• **WHAT THIS TASK INVOLVES**
Images are not part of the copy; write out the rest of the data exactly as given.

• **DATASET CONTENT**

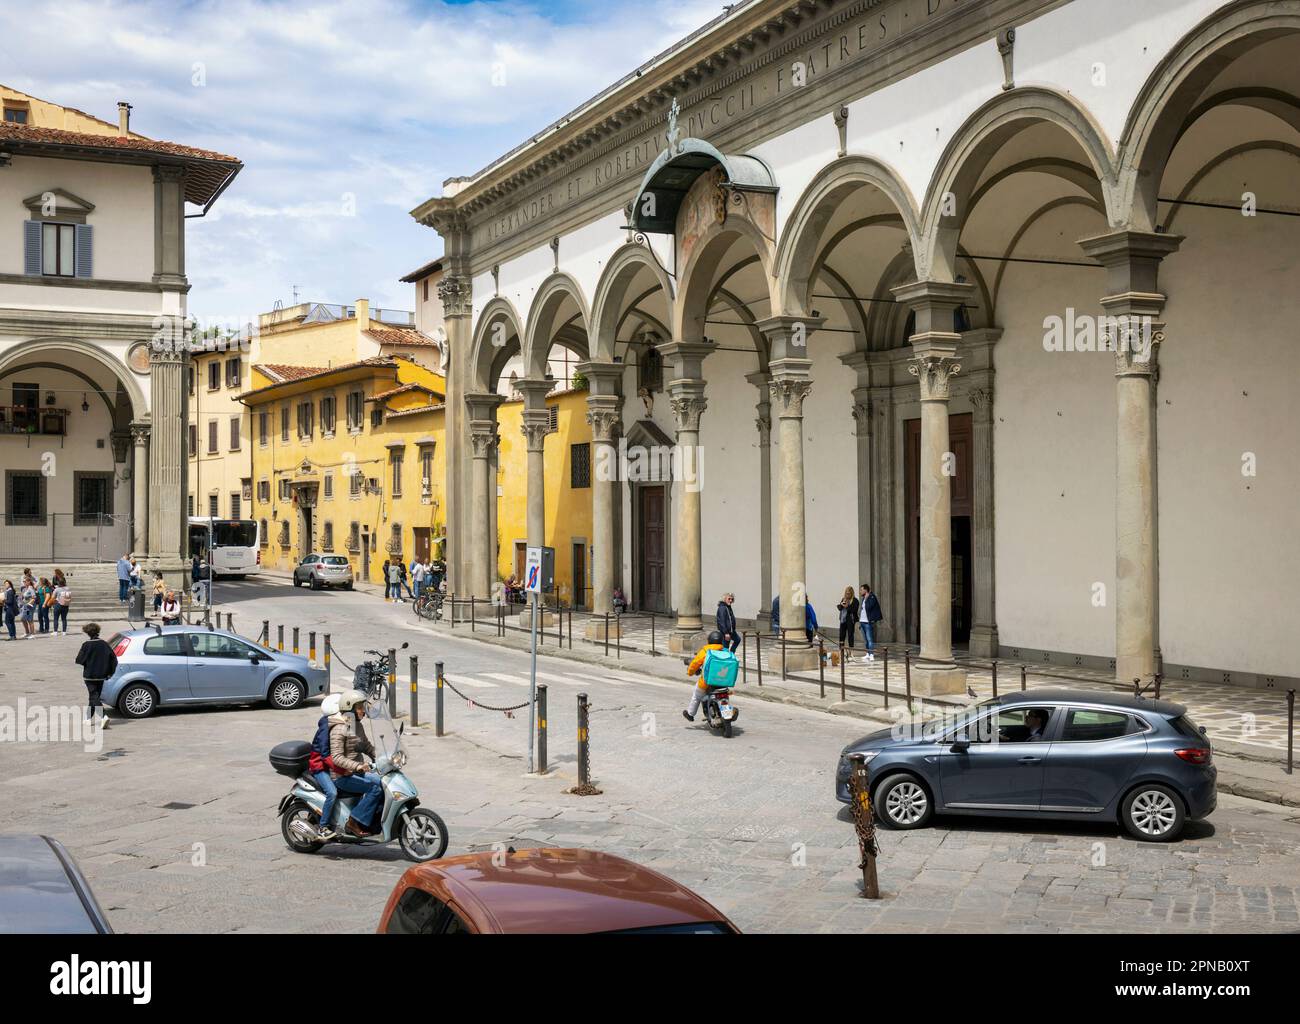 La vie quotidienne sur la Piazza della Santissima Annunziata. Florence, Toscane, Italie. Le centre historique de Florence est classé au patrimoine mondial de l'UNESCO Banque D'Images
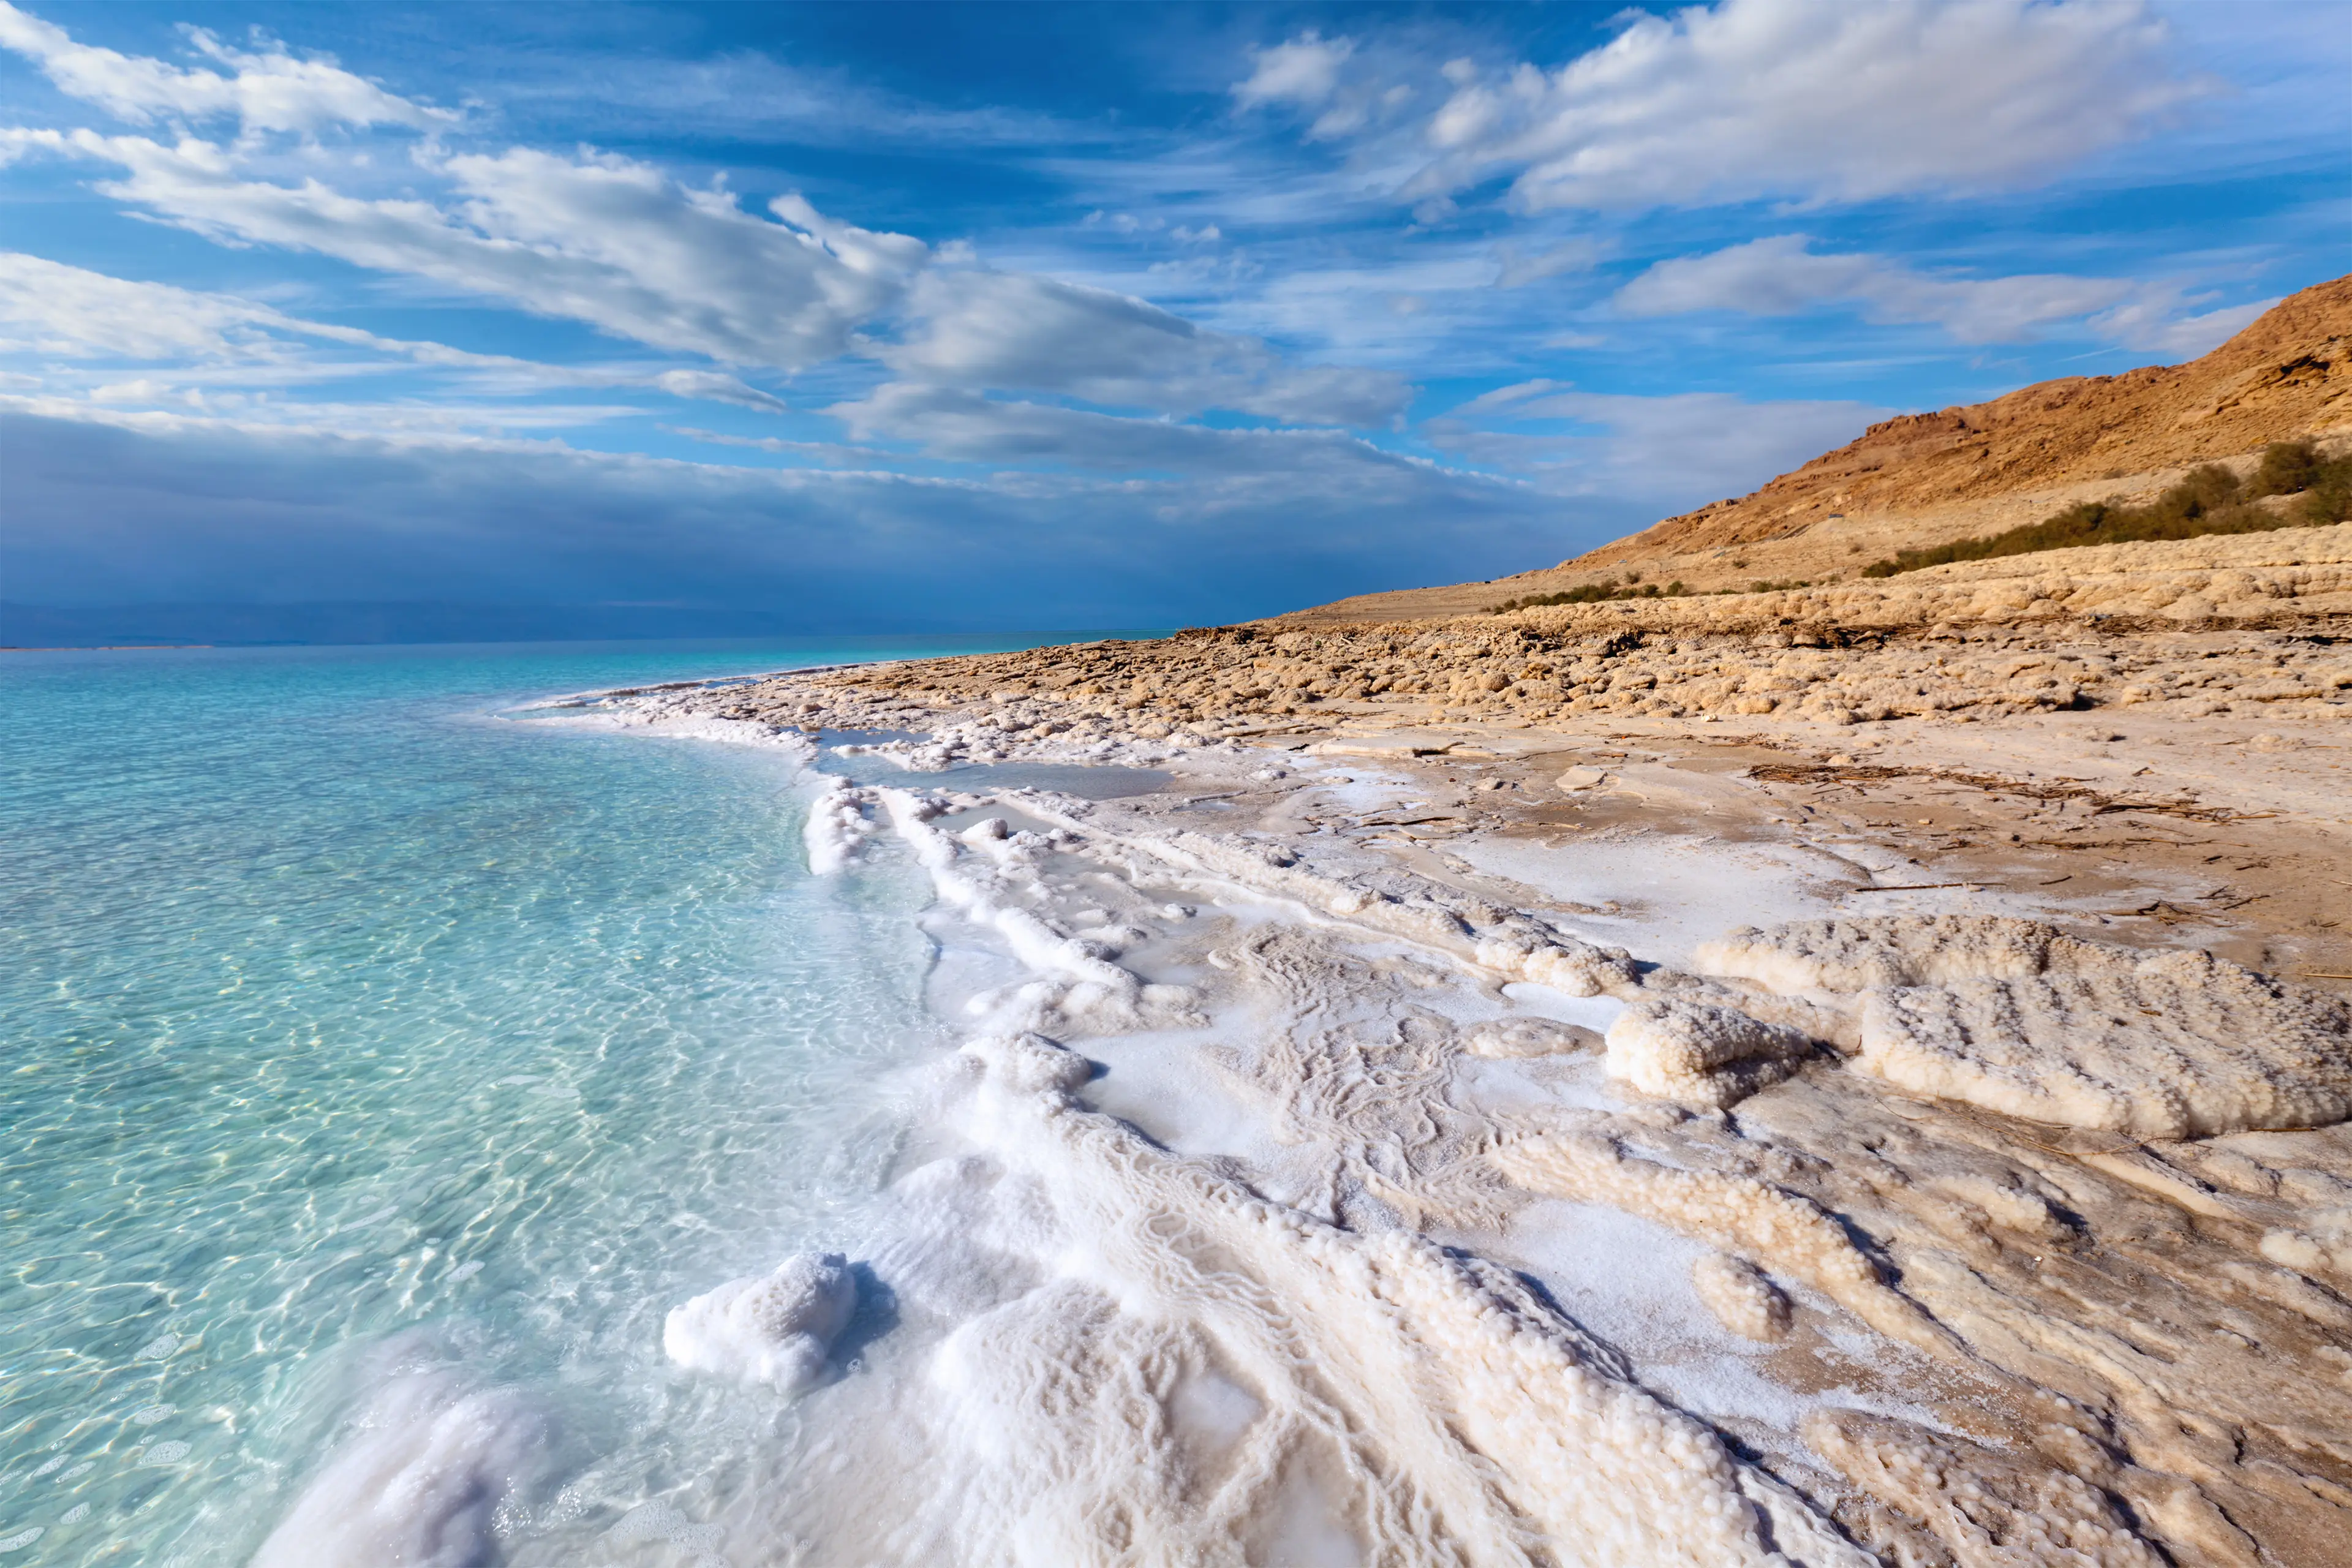 View of the Dead sea coastline
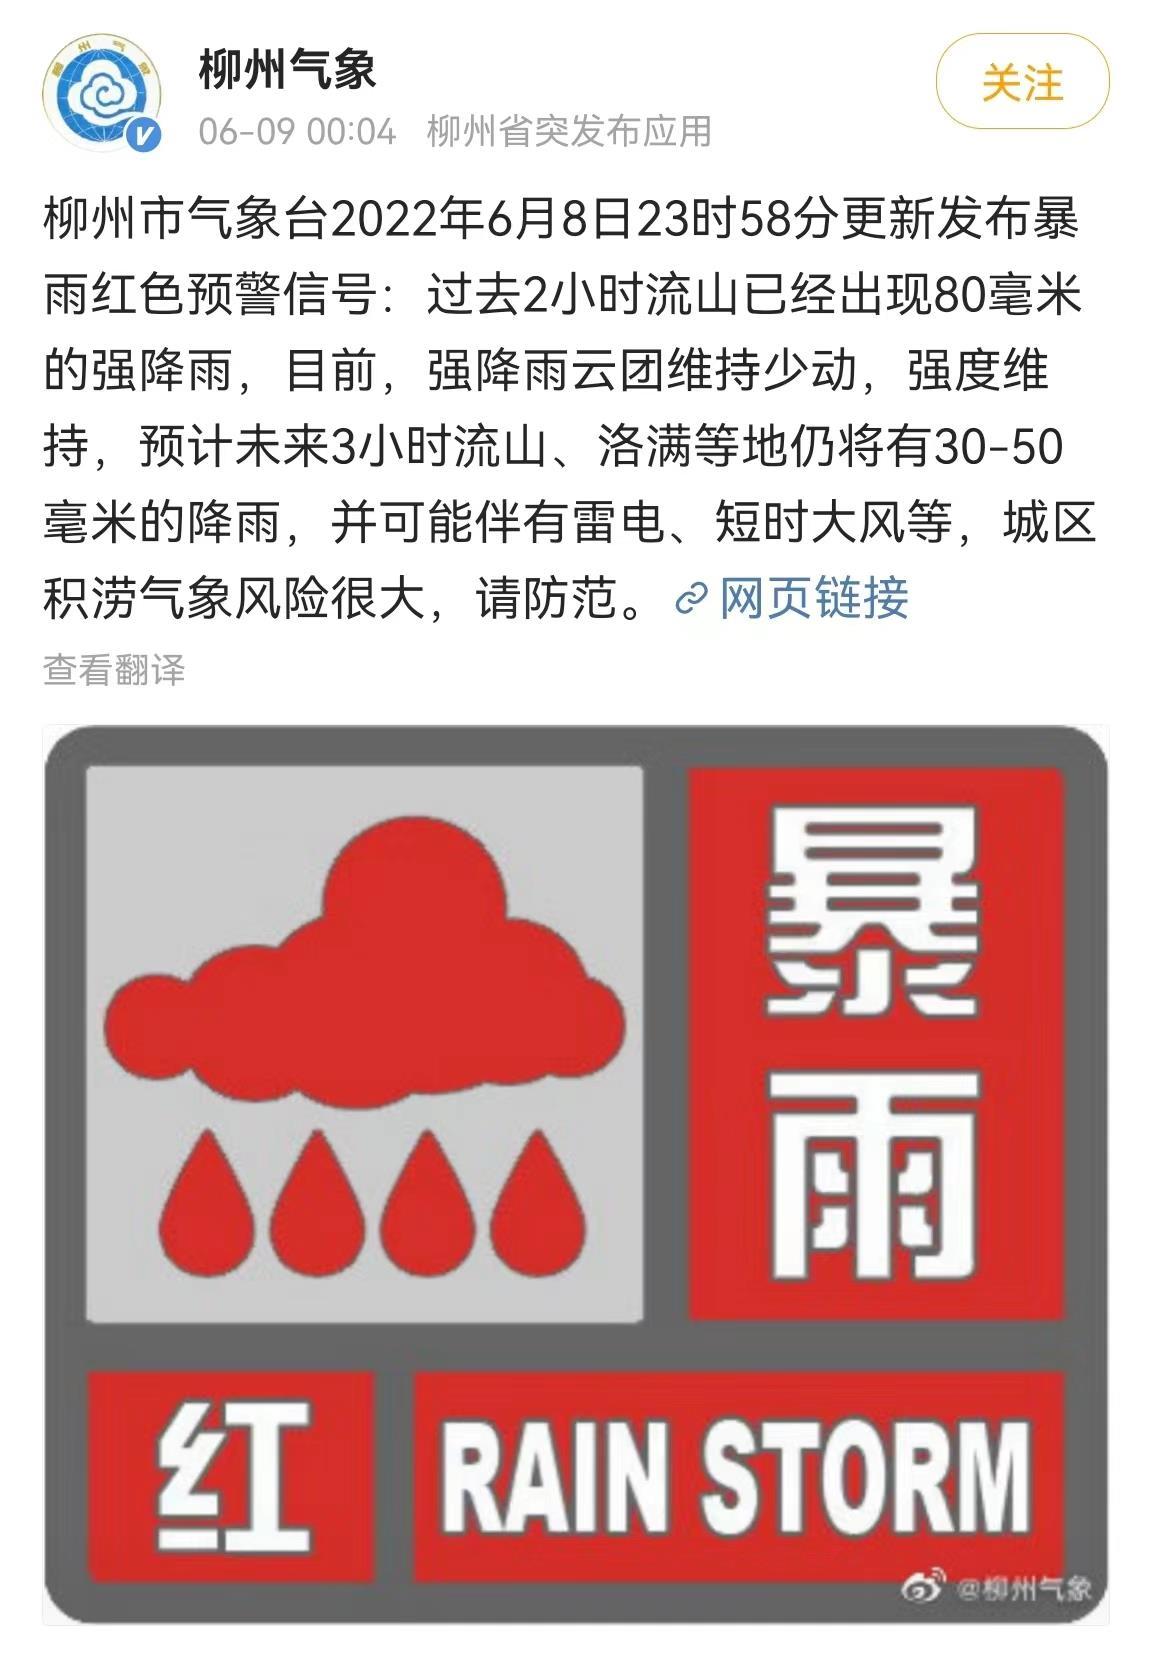 广西柳州更新发布暴雨红色预警信号 城区积涝气象风险很大

• **SOLUTION TO THE PROBLEM**
 La vie quotidienne sur la Piazza della Santissima Annunziata. Florence, Toscane, Italie. Le centre historique de Florence est classé au patrimoine mondial de l'UNESCO Banque D'Images
 View of the Dead sea coastline
 广西柳州更新发布暴雨红色预警信号 城区积涝气象风险很大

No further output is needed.